What I actually wanted
The core thing I wanted was simple to describe and hard to build. I wanted an AI workspace that remembered what I had told it, could summarise and compress older context so it did not eat the whole context window, and could route between different models depending on what I needed at any given moment.
Not a chat interface with a nicer design. A genuine workspace layer that sat on top of the models and managed memory, context and routing in a structured way.

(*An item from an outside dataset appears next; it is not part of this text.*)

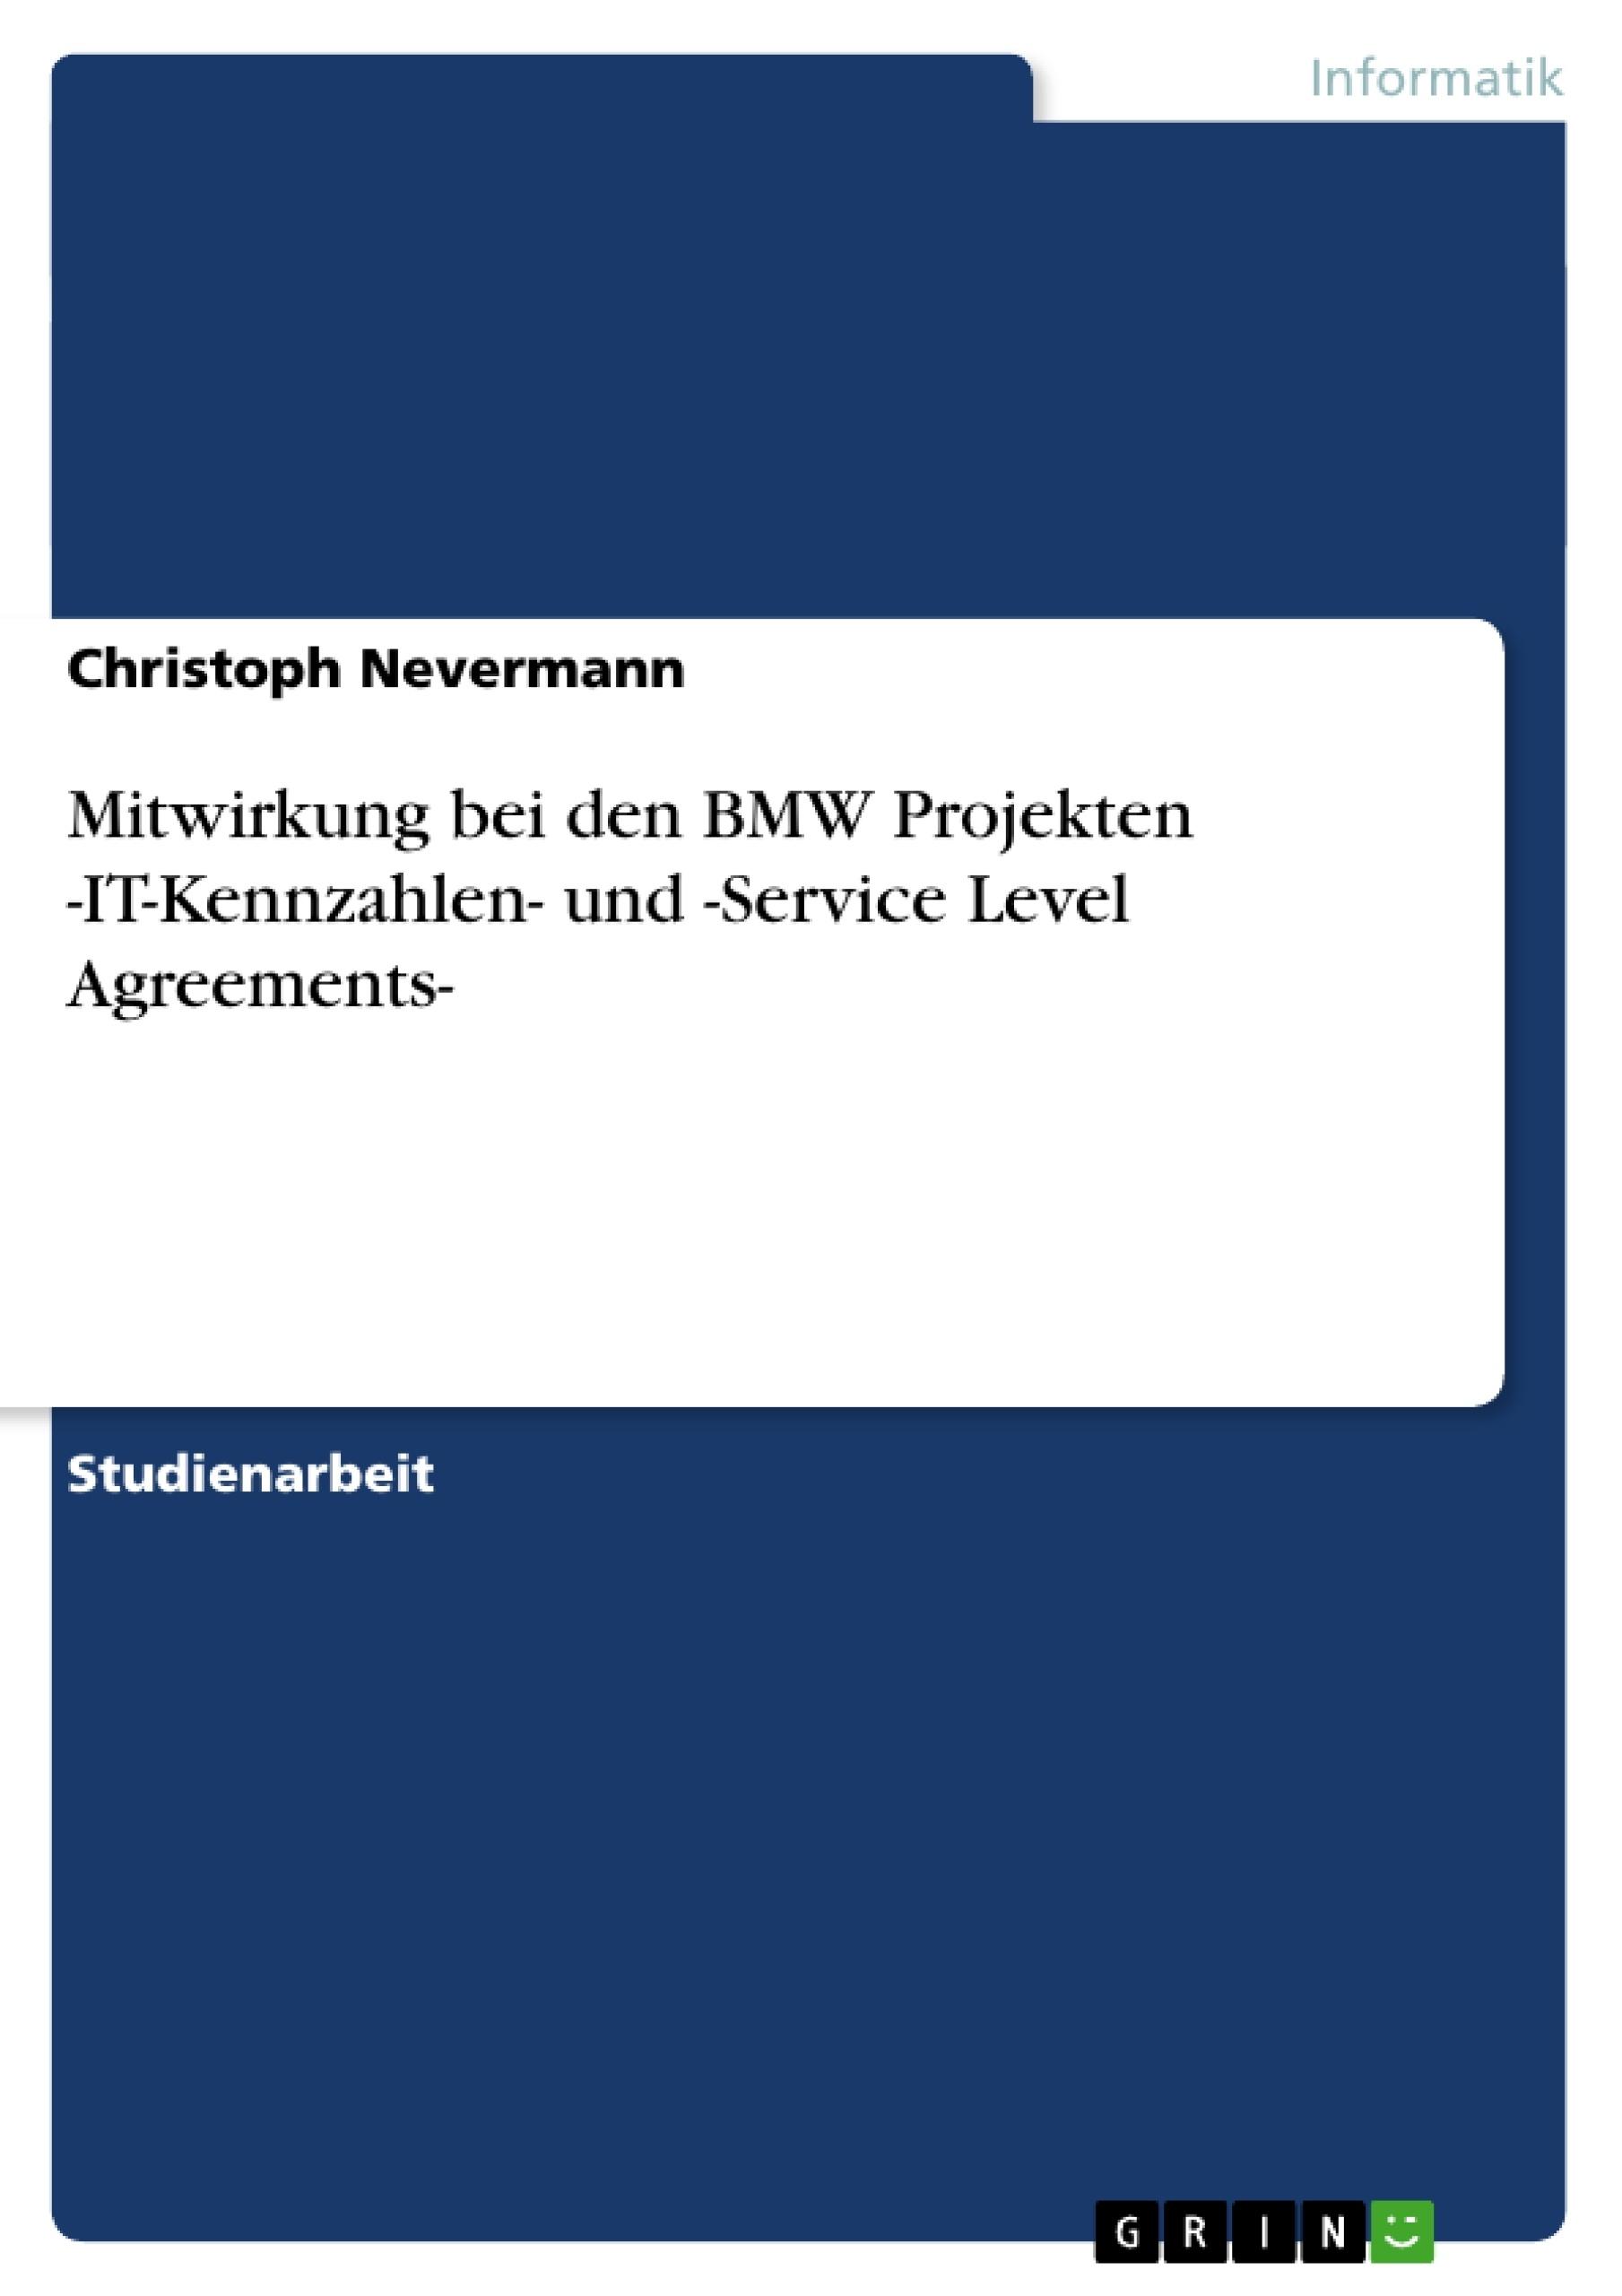 Titel: Mitwirkung bei den BMW Projekten -IT-Kennzahlen- und -Service Level Agreements-

I also wanted it to feel like a place to work, not just a place to chat. There is a difference. Chat interfaces are disposable. A workspace has persistence, structure, and a sense that the work you do there accumulates into something.
The memory problem
The hardest part of building this was memory management. Language models have a finite context window. If you just keep appending conversation history, you hit the limit fast and older context gets dropped. So the question is how you compress and summarise what has come before without losing the things that actually matter.

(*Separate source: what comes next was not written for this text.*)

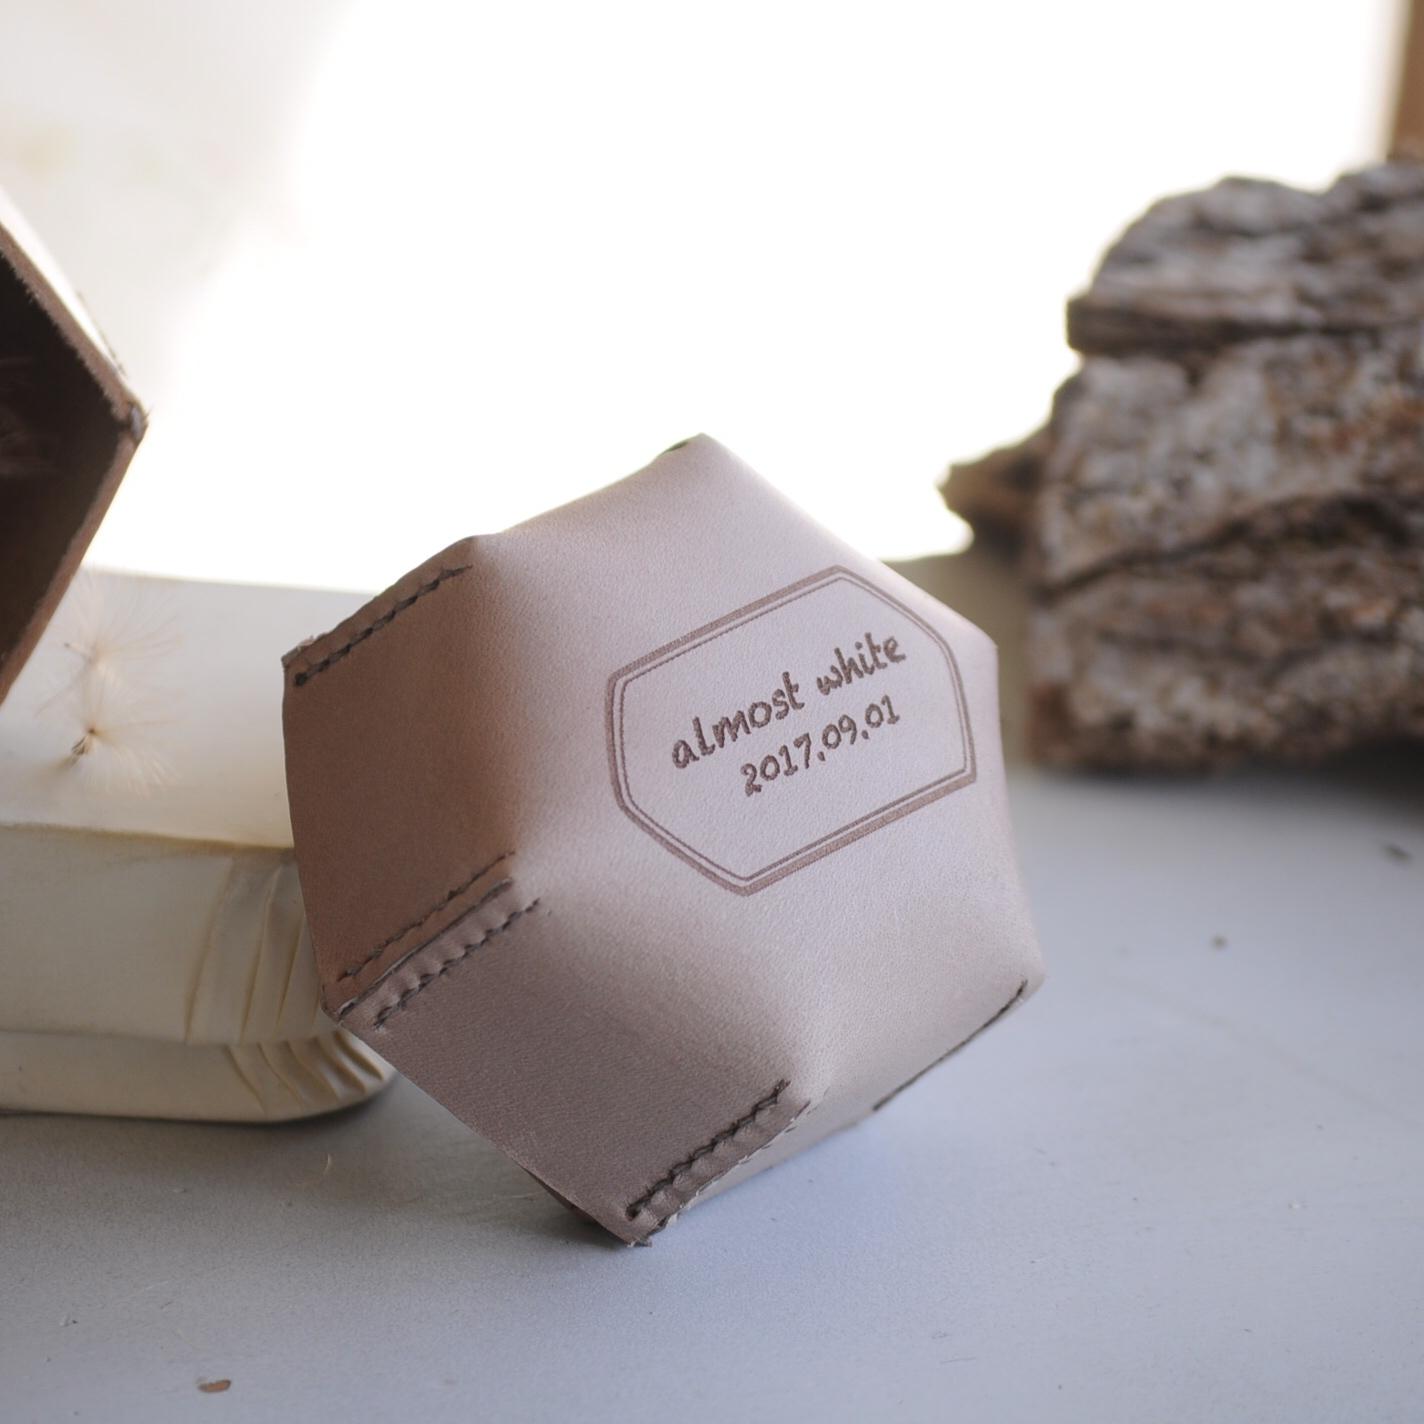 オリジナルボックス | 革の六角形ボックス

I built a summarisation layer that periodically condenses older conversation segments into compressed summaries, storing them in IndexedDB via Dexie.js. When a new session starts, the relevant summaries are retrieved and injected back into the context alongside the recent conversation history. The model gets enough context to feel continuous without the full raw history eating the window.
Getting this right took longer than anything else in the project. The summarisation has to be aggressive enough to save space but careful enough not to throw away context that will matter later. I went through several iterations before it felt reliable.
Cross-model routing
The other thing I wanted was the ability to use different models for different tasks without having to manage multiple interfaces. OpenAI for some things, Gemini for others. The routing layer in Ankoryn lets me switch between them inside the same workspace without losing the thread of what I am working on.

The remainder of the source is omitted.